** Stored data **
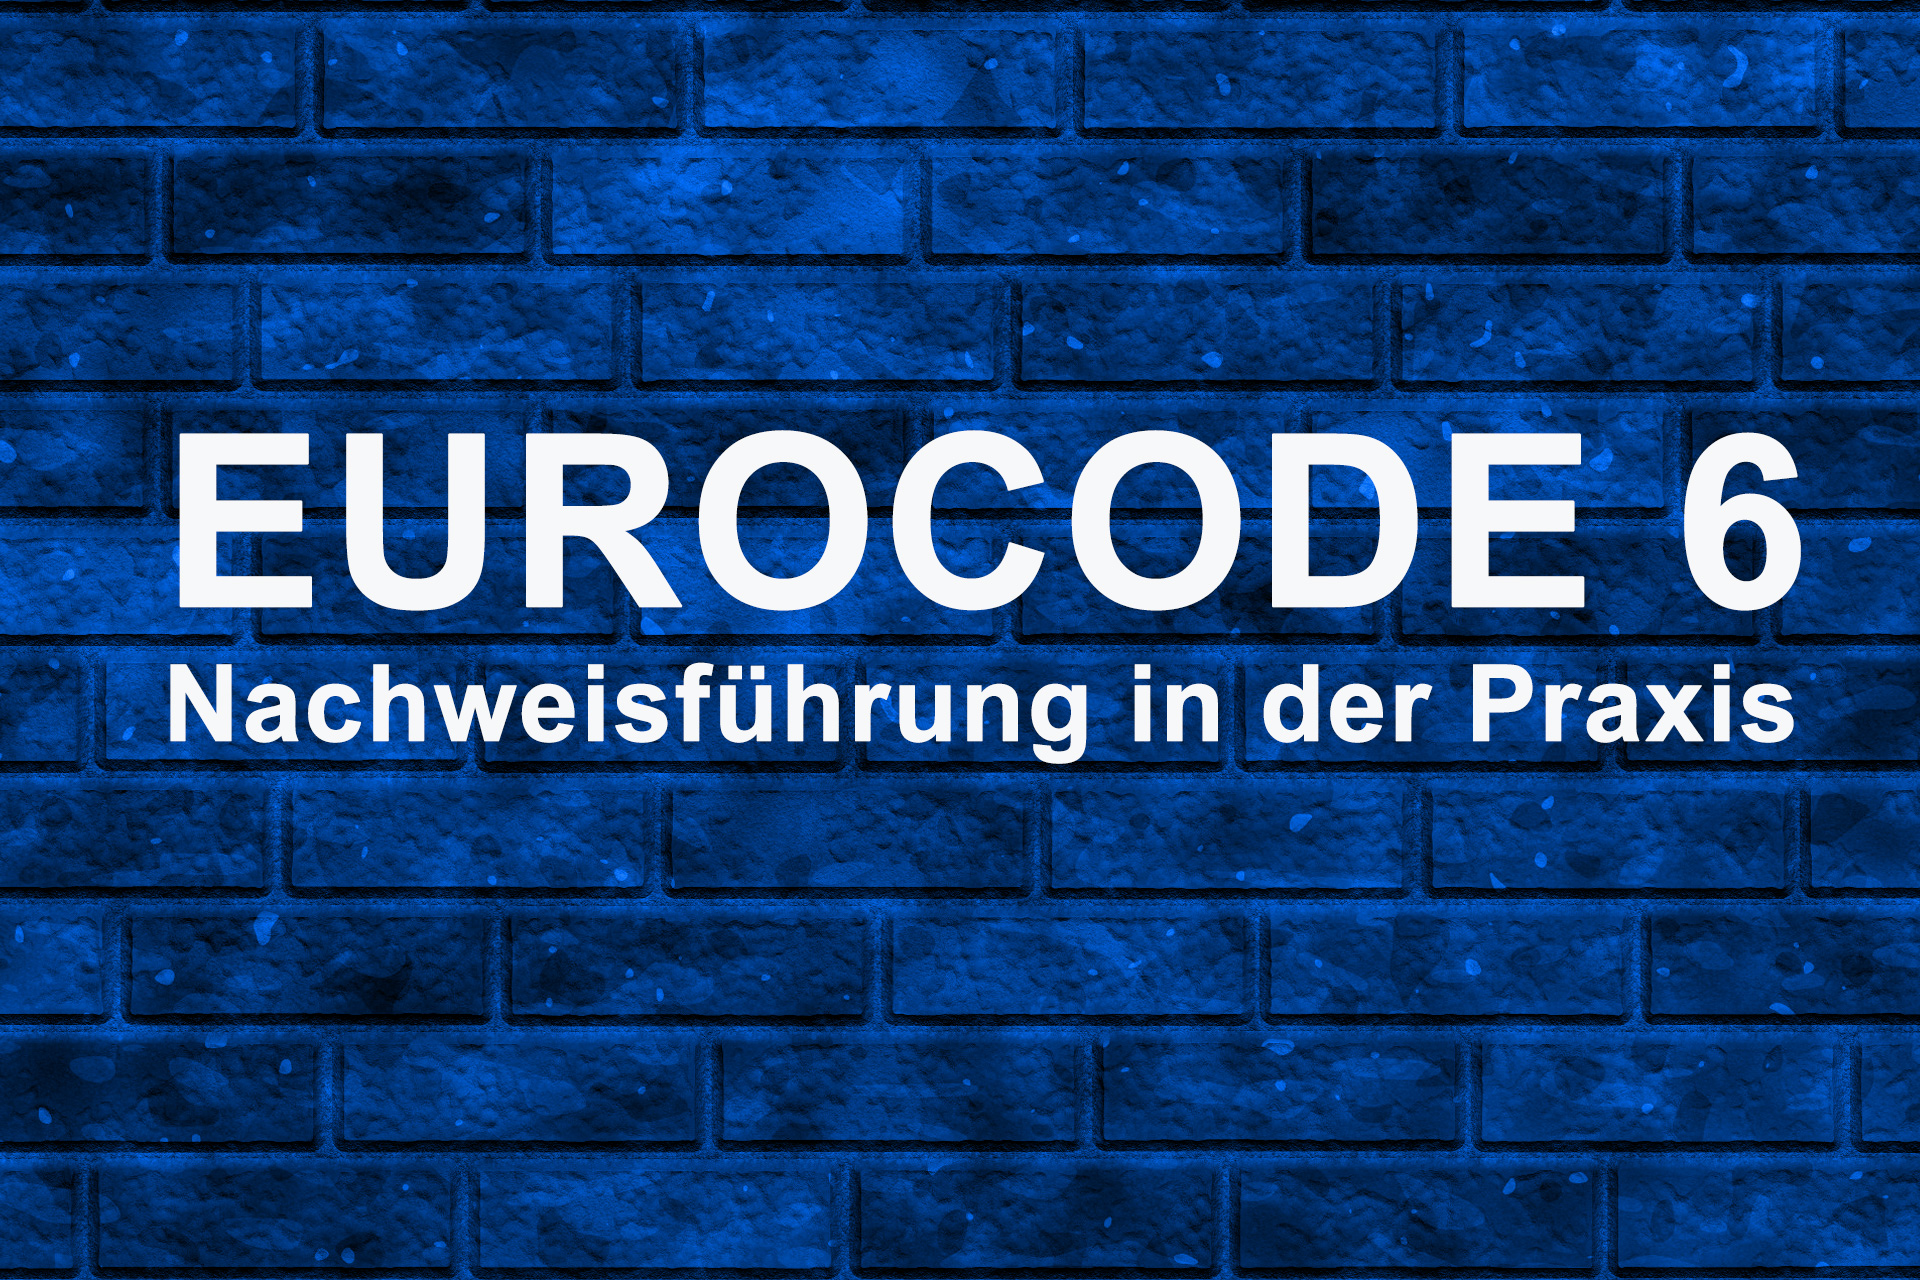 Eurocode 6: Nachweisführung in der Praxis
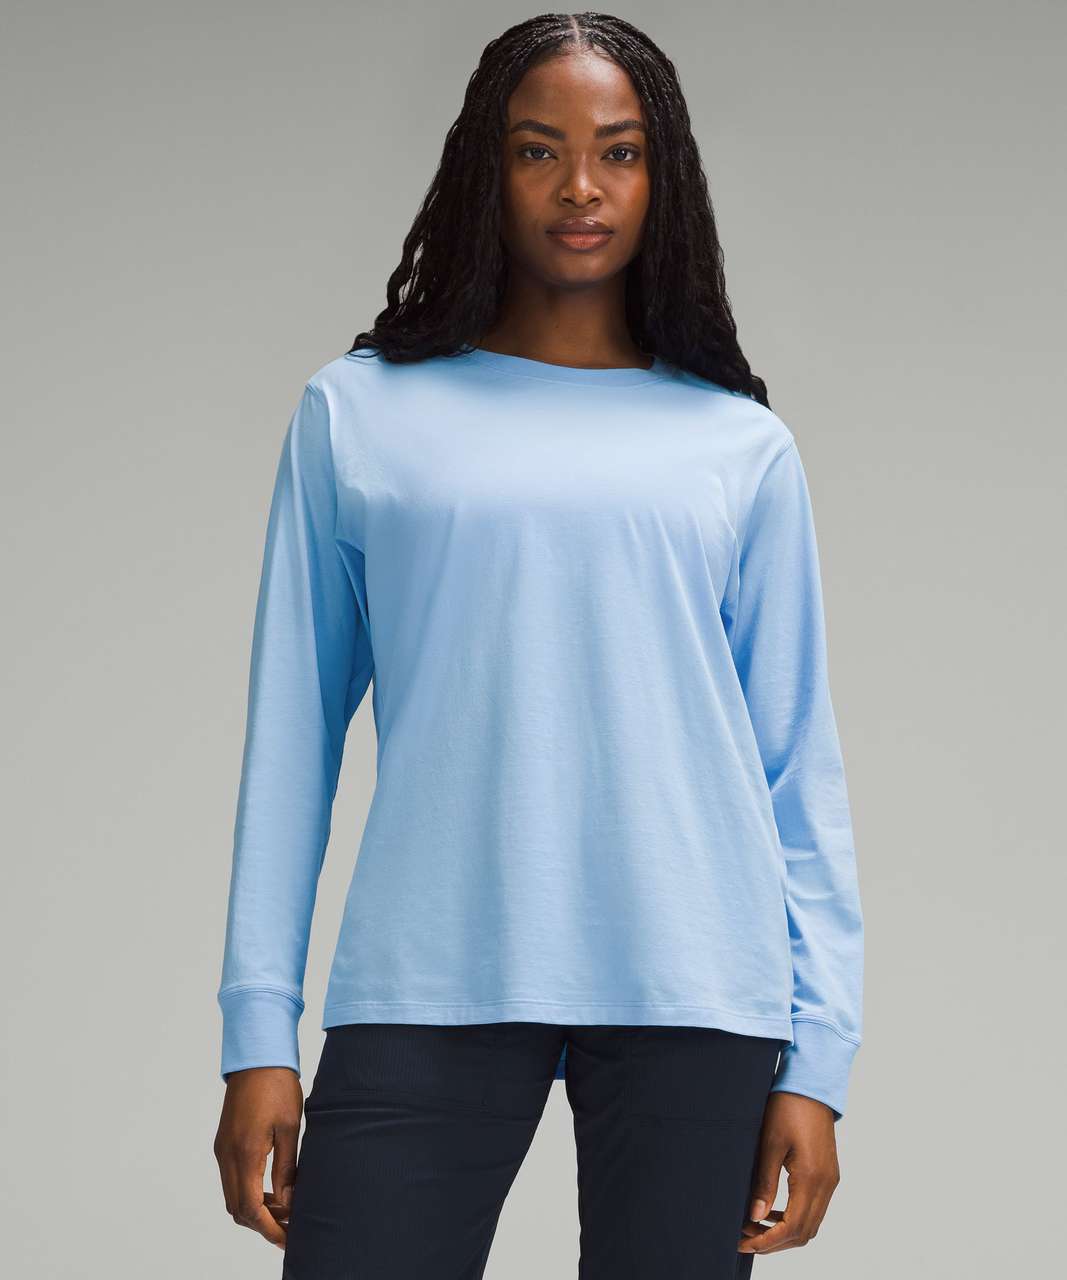 Lululemon All Yours Long-Sleeve Shirt - Aero Blue
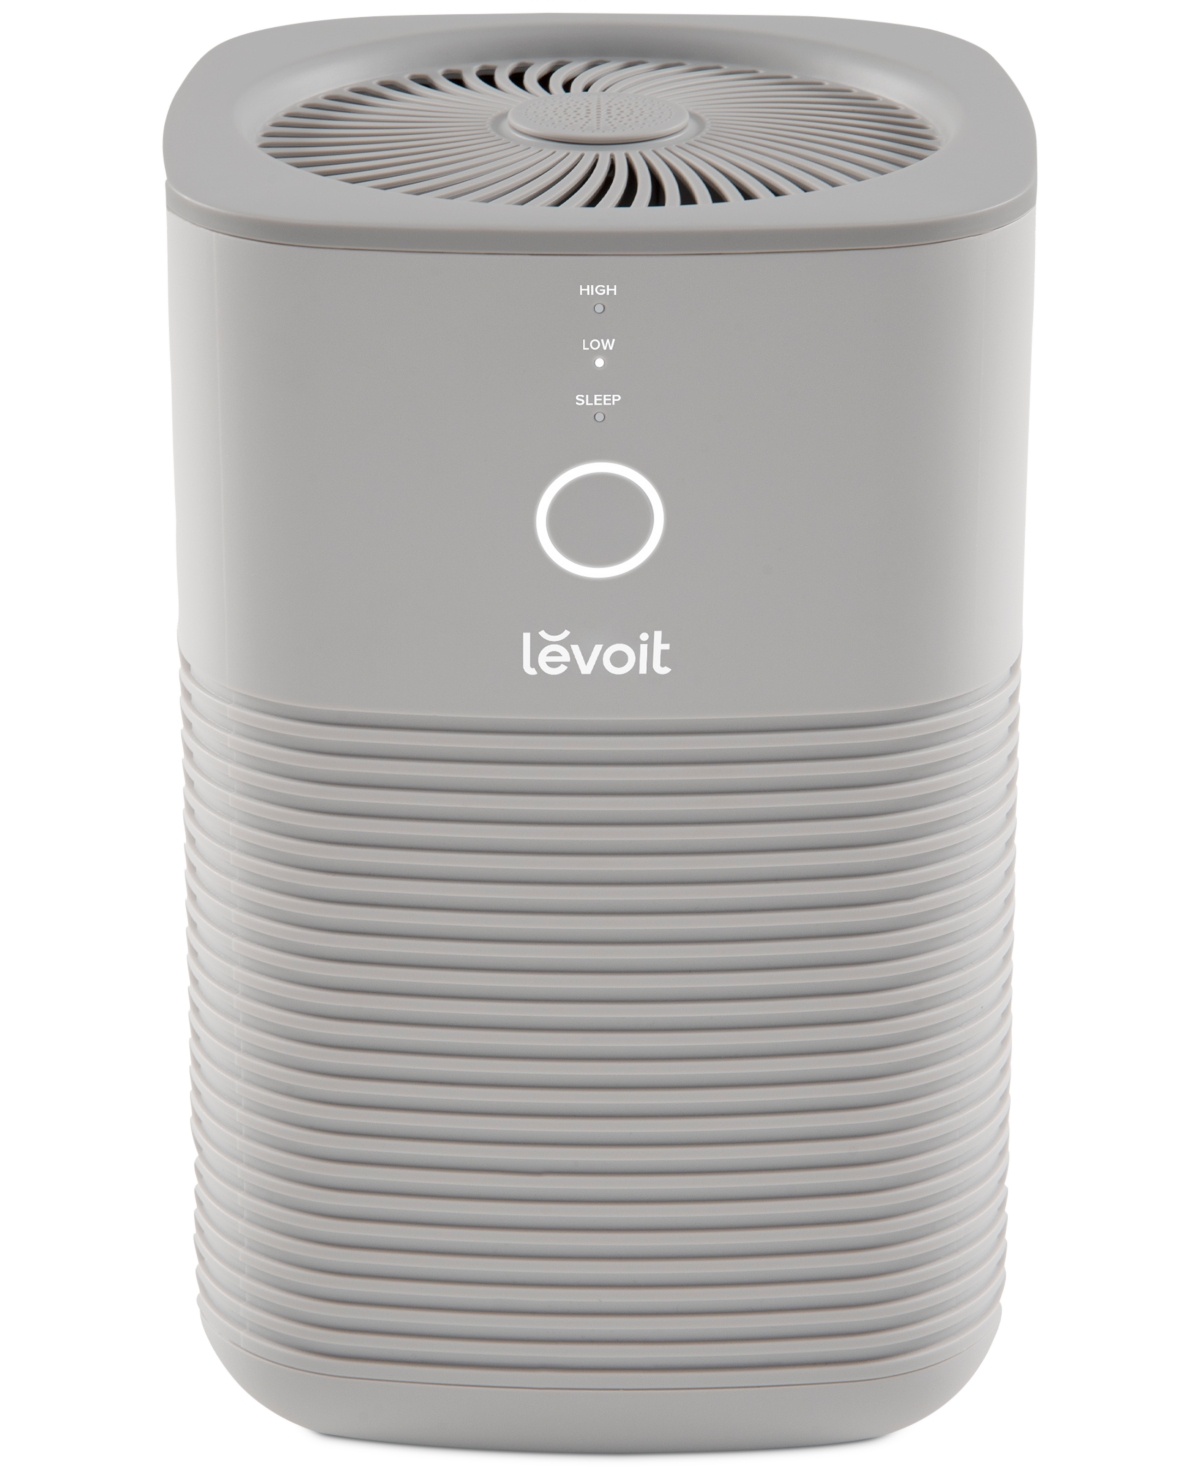 Levoit Desktop True Hepa Air Purifier In Gray

** Task directions **
A verbatim copy is needed of the lines running from the line with "Lululemon All Yours" to the end of the data above, both included. Keep the pictures out of it.

** Task answer **
 Lululemon All Yours Long-Sleeve Shirt - Aero Blue
 Levoit Desktop True Hepa Air Purifier In Gray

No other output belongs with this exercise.